Multi-Branch Documentation
Each branch variant gets its own independent llms.txt and llms-full.txt files. This means you can point AI tools at the documentation for a specific branch:
# Main branch docs
curl https://your-server/docs/my-project/main/cursor/gpt-5.4-xhigh-fast/llms-full.txt
# Dev branch docs
curl https://your-server/docs/my-project/dev/cursor/gpt-5.4-xhigh-fast/llms-full.txt
Note: The files reflect only the pages that were successfully generated. If a page was skipped due to an invalid slug, it won't appear in either file.
Using the Index to Fetch Individual Pages
The llms.txt index links to .md files. You can fetch individual pages for focused context instead of loading everything:
# 1. Read the index to find relevant pages
curl -s https://your-server/docs/my-project/llms.txt
# 2. Fetch just the page you need (markdown source)
curl -s https://your-server/docs/my-project/authentication.md
This is useful when your documentation is large and you want to minimize token usage. Every page exists as both an .html file (for humans) and an .md file (for AI tools) at the same URL path.
Troubleshooting
Files return 404
The documentation must be in ready status. If generation is still in progress or has failed, the files won't exist yet.

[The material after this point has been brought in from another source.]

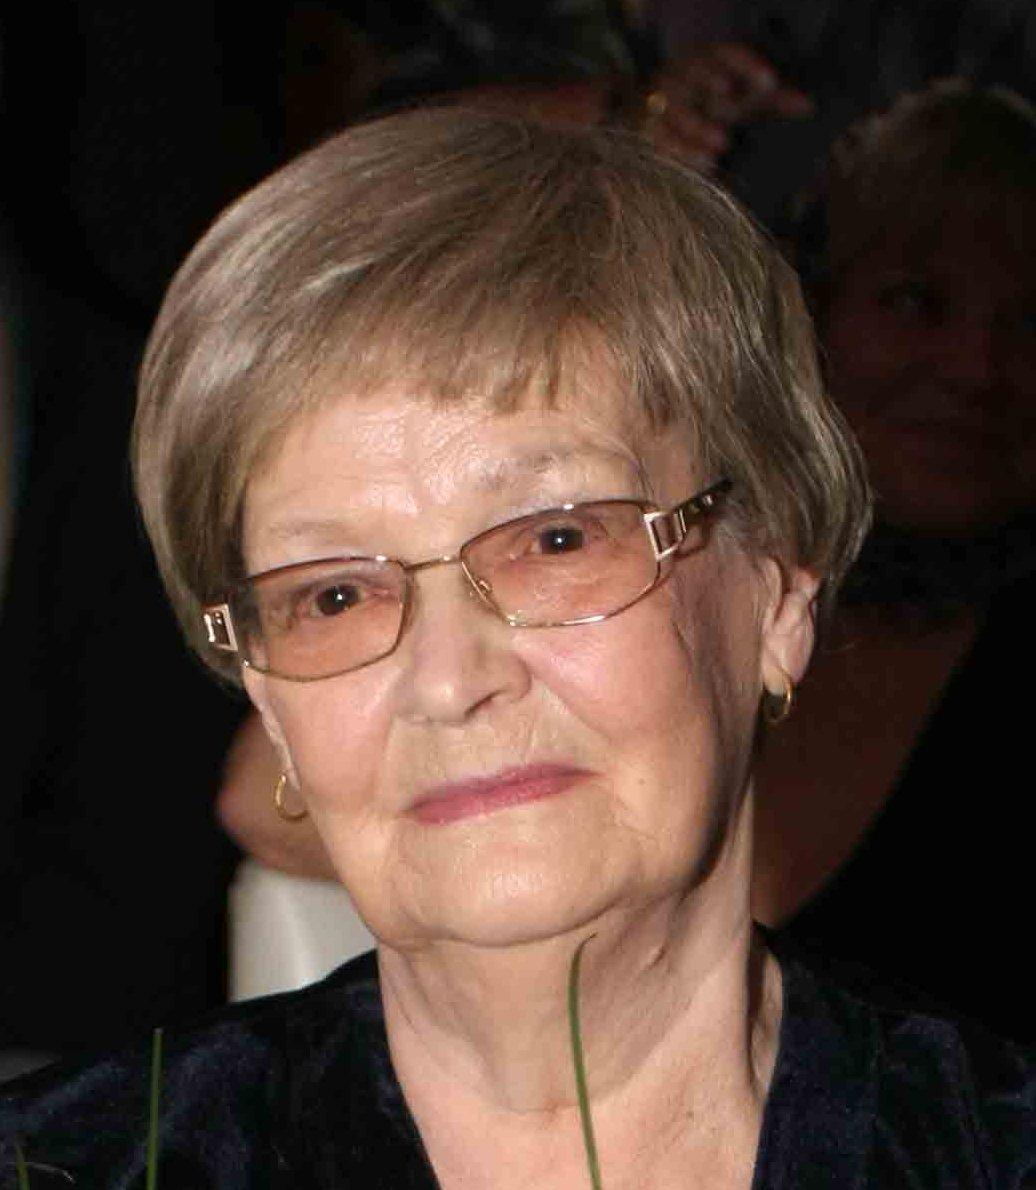 Нина гребешкова - биография знаменитости, личная жизнь, дети

Check your project status in the dashboard or with docsfy list.
Files are empty or missing pages
Pages with invalid slugs are filtered out during rendering. If your llms.txt shows fewer pages than expected, check the generation logs for "Skipping invalid slug" warnings.
Authentication required If your docsfy server requires authentication, include your credentials when fetching:
curl -H "Authorization: Bearer YOUR_API_KEY" \
https://your-server/docs/my-project/llms-full.txt
See Managing Users and Access Control for details on API keys and access permissions.